Furthermore, the bundling bands 80 are used there as the fastening means for fastening together the two split bodies 60 and 70 of the hood 50. However, the fastening means is not limited to this and the two split bodies 60 and 70 may be, for example, screwed together with screws.
Here, the connector according to the present invention includes the hood 50 having the above-described configuration, as a component. However, when the hood 50 is not necessary, a form in which the hood 50 is not attached may be employed.
The foregoing description of the embodiment of the invention has been presented for the purpose of illustration and description. It is not intended to be exhaustive and to limit the invention to the precise form disclosed. Modifications or variations are possible in light of the above teaching. The embodiment was chosen and described to provide the best illustration of the principles of the invention and its practical application, and to enable one of ordinary skill in the art to utilize the invention in various embodiments and with various modifications as are suited to the particular use contemplated.
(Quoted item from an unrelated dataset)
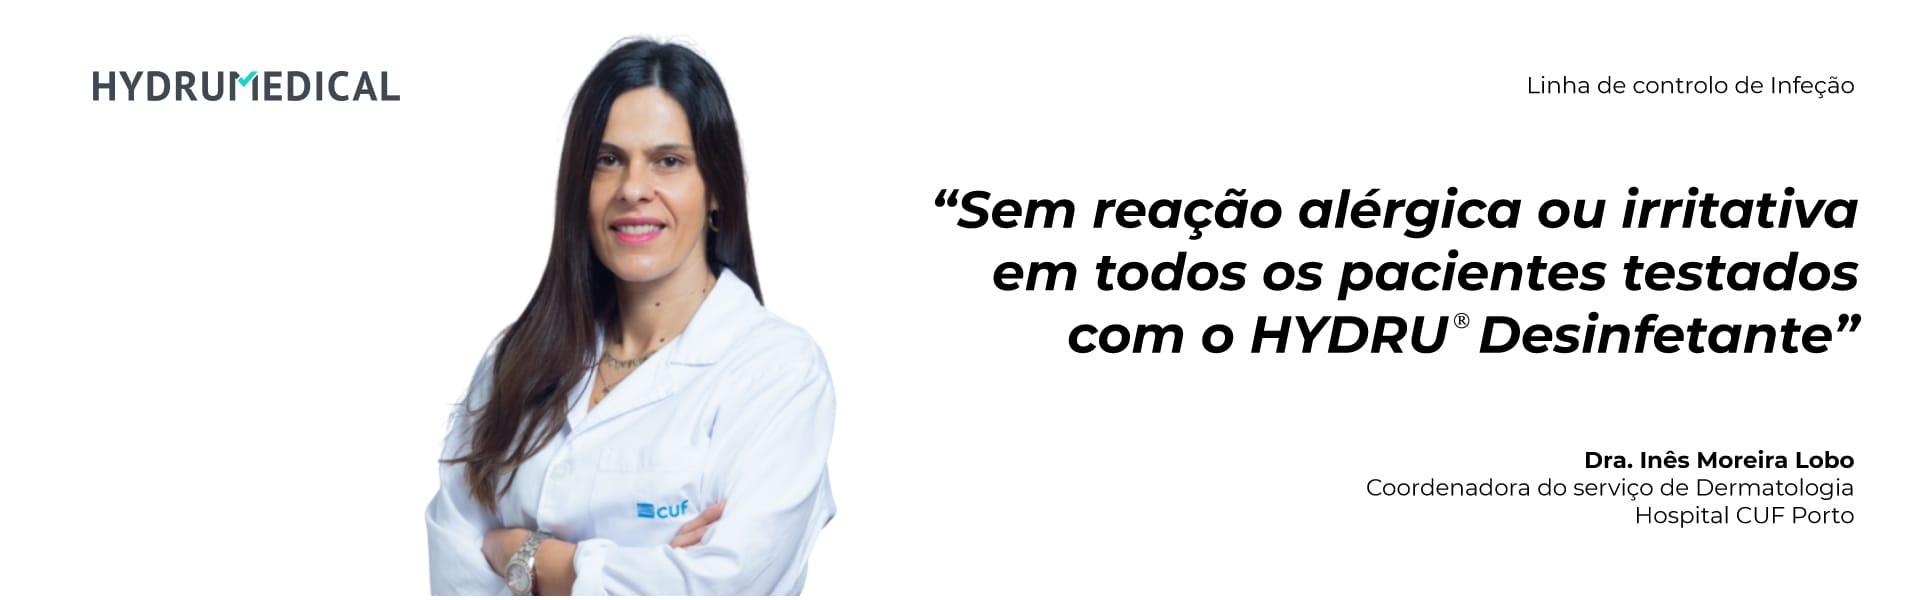 Dra Ines Lobo hospital CUF Hydrumedical

All such modifications and variations are within the scope of the invention as determined by the appended claims when interpreted in accordance with the breadth to which they are fairly, legally, and equitably entitled.

Claims

A connector comprising:
a housing;

a module; and

a hood, wherein

the module is composed of a terminal and an insulator, the terminal being configured to be attached to an end of a cable and to be connected with a mating terminal of a mating connector, the insulator accommodating and holding the terminal,

the insulator includes two spring pieces and two protrusions, the two spring pieces being formed on respective outer surfaces that are positioned on mutually opposite sides, the two protrusions being formed on the two spring pieces respectively in a manner to protrude mutually outward,

the housing has an accommodation space surrounded by side walls, the side walls having a pair of through holes formed at mutually opposed positions thereof,

the module is positioned and accommodated in the accommodation space to be attached to the housing in a manner such that each of the two protrusions is fitted from an inside into each of the pair of through holes, the hood is composed of two split bodies that can be separated from and joined to each other, and a projecting portion is formed on each of the two split bodies,

the hood can be positioned and fixed on the housing in a manner such that the projecting portion of each of the two split bodies is fitted from an outside into each of the pair of through holes and the two split bodies are fastened to each other with a fastening means, and

given that a connecting direction between the terminal and the mating terminal is defined as an up and down direction, the two split bodies have shapes such that a straight lead-out hole through which the cable can be led out of the hood upward and an angled lead-out hole through which the cable can be led out of the hood in a direction orthogonal to the up and down direction are formed in a state in which the hood is positioned and fixed on the housing.
The connector according to Claim 1, wherein
the side walls have another one or more pairs of through holes adapted for attaching another one or more modules to the housing, each of said another one or more through holes being formed at another two mutually opposed positions of the side walls.
The connector according to Claim 1 or 2, wherein
the straight lead-out hole and the angled lead-out hole have mutually-equal shapes and dimensions, and

the connector further comprises a grommet that can close arbitrary one of the straight lead-out hole and the angled lead-out hole.
The connector according to Claim 1 or 2, wherein
each of the two split bodies is formed with a bundling-band threading hole, and

the two split bodies can be fastened to each other by a bundling-band as the fastening means that is threaded through the bundling-band threading holes of the two split bodies.